Given that we’re now 17 years into the 21st century, it’s nothing short of staggering how many companies still use paper processes. According to The Association for Information and Image Management (AIIM), 92% of companies say that removing paper processes is a constant objective.

Given the inefficiency of paper processes compared to digital processes, this is quite shocking. It’s even scarier when you consider the tremendous amount of data staring us in the face every day and the universe-shattering shift to a big-data world now occurring in most industries.

What all this means is that if there was ever a time to digitally streamline your operations, it’s NOW.

But to change, we need to change the perspective of users stuck in their “culture of paper”. In many companies the paper trail serves as a de facto process audit and may even be a necessary part of controlling processes. However, paper is almost useless for managing the integrity and reliability of data across multiple teams.

The case of going paperless is not only worth it but essential. Millennials are becoming the workforce standard as the baby boomers leave. The world is changing and so is the competition, and you need to keep up.

Here are the 5 main ways going paperless will help your business:

Information Security

It’s kind of odd that so many companies use security as a reason NOT to go paperless. They fear hackers, data leaks, and cyber attacks. While these are legitimate fears, and no system is completely and 100% secure, there are in fact various compelling reasons why digital processes are far safer than paper processes.

First, with digitized processes, identity governance and access controls ensure only the right people can access certain documents and systems. Second, data security makes it much easier and less expensive to maintain compliance with regulations such as HIPAA and SOX that require companies to take documented measures to maintain data confidentiality and integrity.

Third, digitalization allows companies to easily back up crucial information. Digital documents can be protected in ways paper documents can’t, such as remotely via the cloud or an off-site hard drive.

Accessibility

Think of how much time is spent searching for a document on your desk or in a binder compared to a computer file? When the right content is accessible at the touch of a button, it takes only seconds to route and share documents to any number of people across multiple departments and systems.

This ease of access greatly improves efficiency in a variety of contexts, such as approval workflows, and mobile, tablet or offline access translates into speed and agility. Your competitors are only going to get faster, and the agility that a paperless process gives you is vital to remaining competitive.

Adherence

There’s no question that digitization improves collaboration. When everyone can access the essential documents and consistently collect the right information for the right person when it’s needed, you’re greasing the wheels of your intra-company communication engine. You’re also creating a proven record and a way to improve your collaboration processes upon dint of being able to review them.

Real-time Visibility

Think of the classic filing cabinet locked up with the tiny key slipped away into the bottom drawer of someone’s mahogany desk. It’s the picture of lack of real-time visibility.
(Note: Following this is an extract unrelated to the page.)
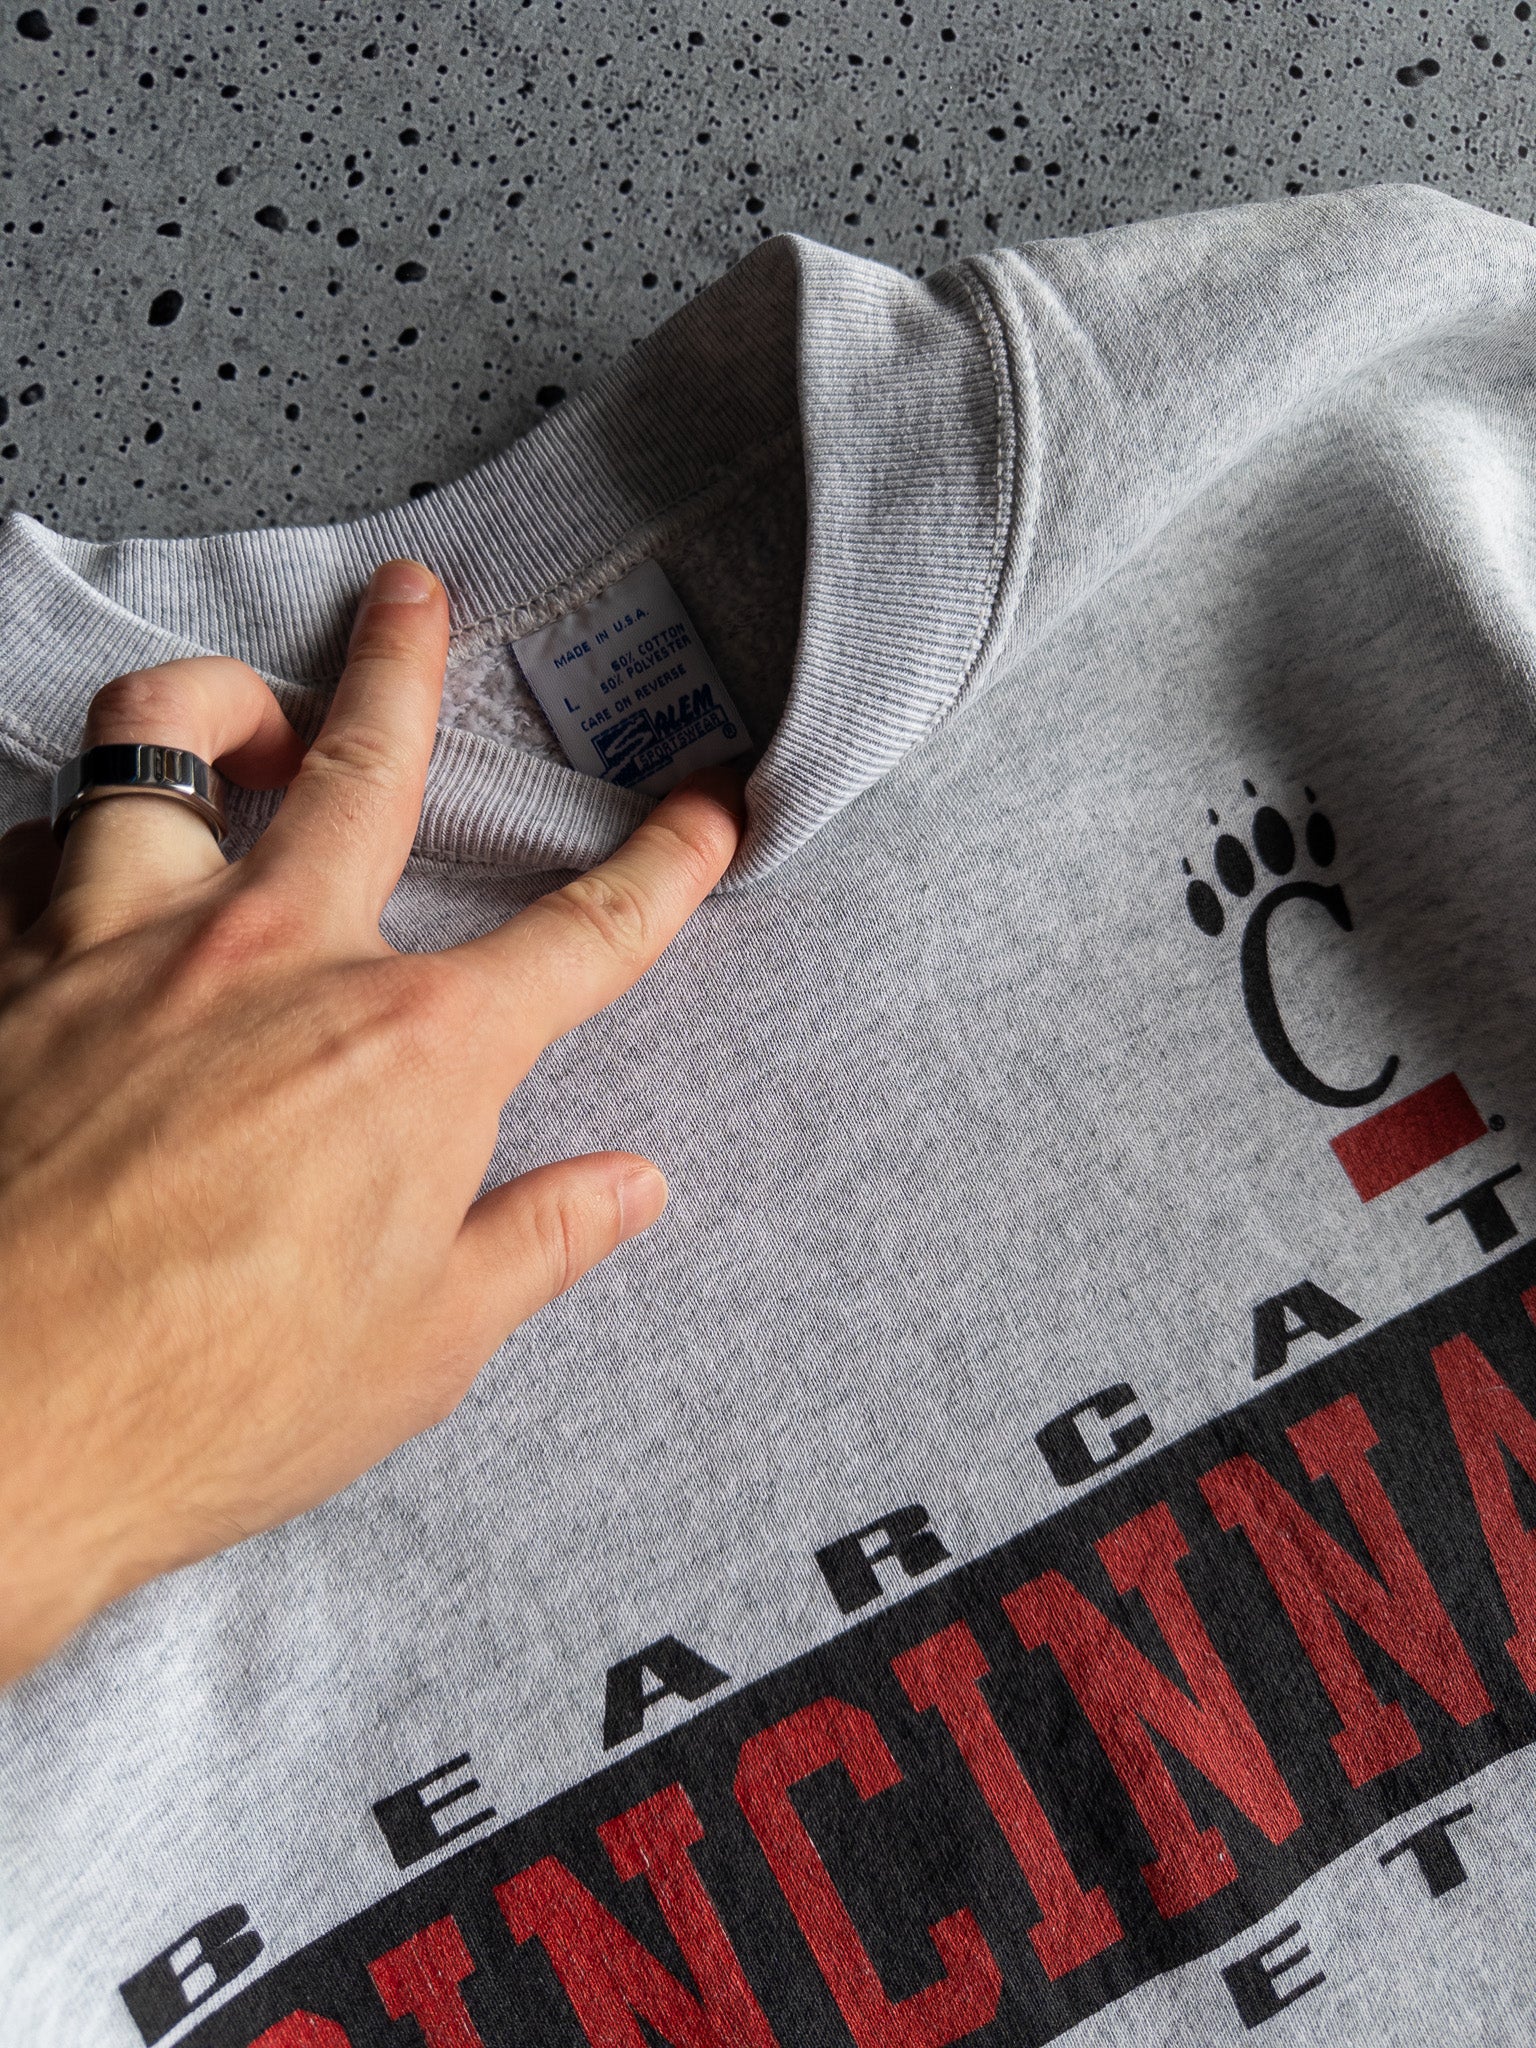 Vintage Cincinnati Bearcats Sweatshirt (L)

Using digital instead of paper workflows allows management to monitor your business and key collaborations in real time and with a view into analyzing bottlenecks to improve them and hence improve results. This makes it easier to keep tasks on track and to identify problems and opportunities for improvement.
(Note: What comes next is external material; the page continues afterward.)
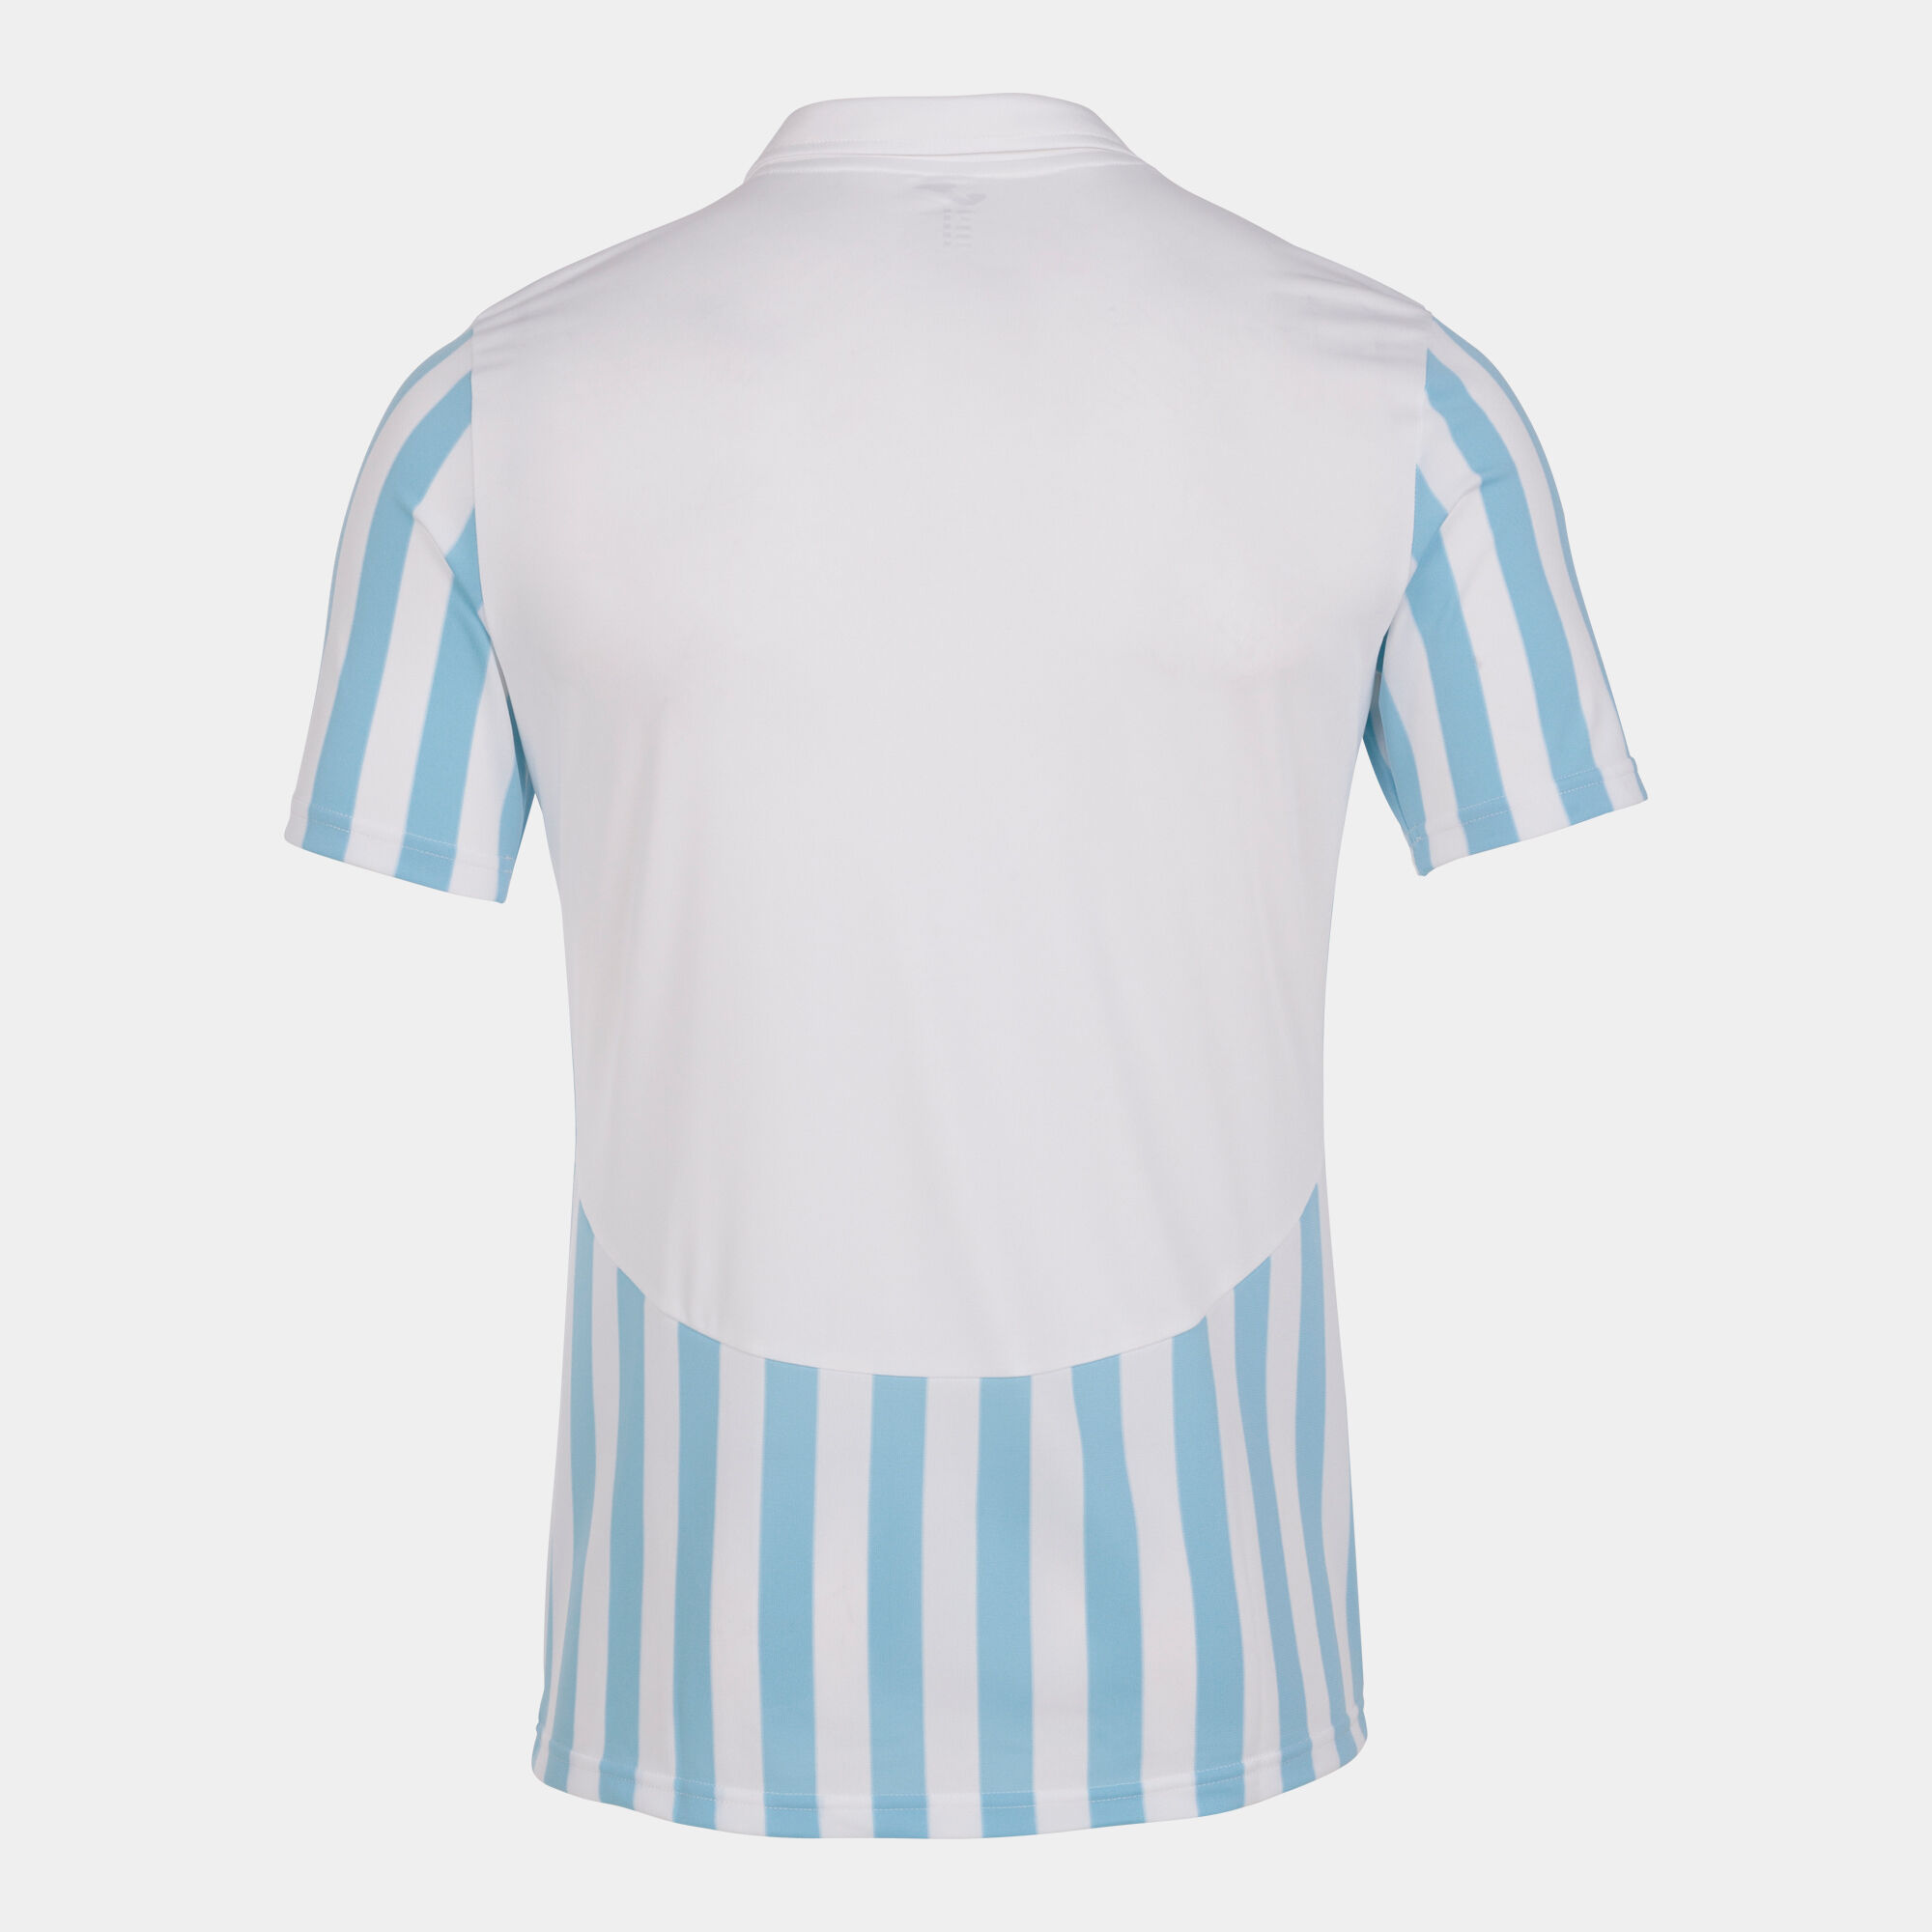 Camiseta manga corta hombre Copa II blanco celeste

Each assigned task not only contains the business information defined in the process but also presents data about the given business outcome (ie, the audit, incident, approval, on-boarding, etc).

Optimized Performance

Ultimately what you’re shooting for in going paperless is an improved customer experience and hence an improved bottom line. If you improve collaboration, security, adherence, and visibility, there’s no way your customers won’t benefit from it. Savings will be passed on to them, and a better understanding of the way you operate will lead to new insights into how to better serve your customers, leading to increased revenue.

And in the end, this is what Operational Performance Management (OPM) is about – weaving people, systems and performance together in a way that supports the entire business ecosystem. That’s why businesses need OPM now more than ever, and why cloud-based OPM is becoming an essential ingredient of all successful operations.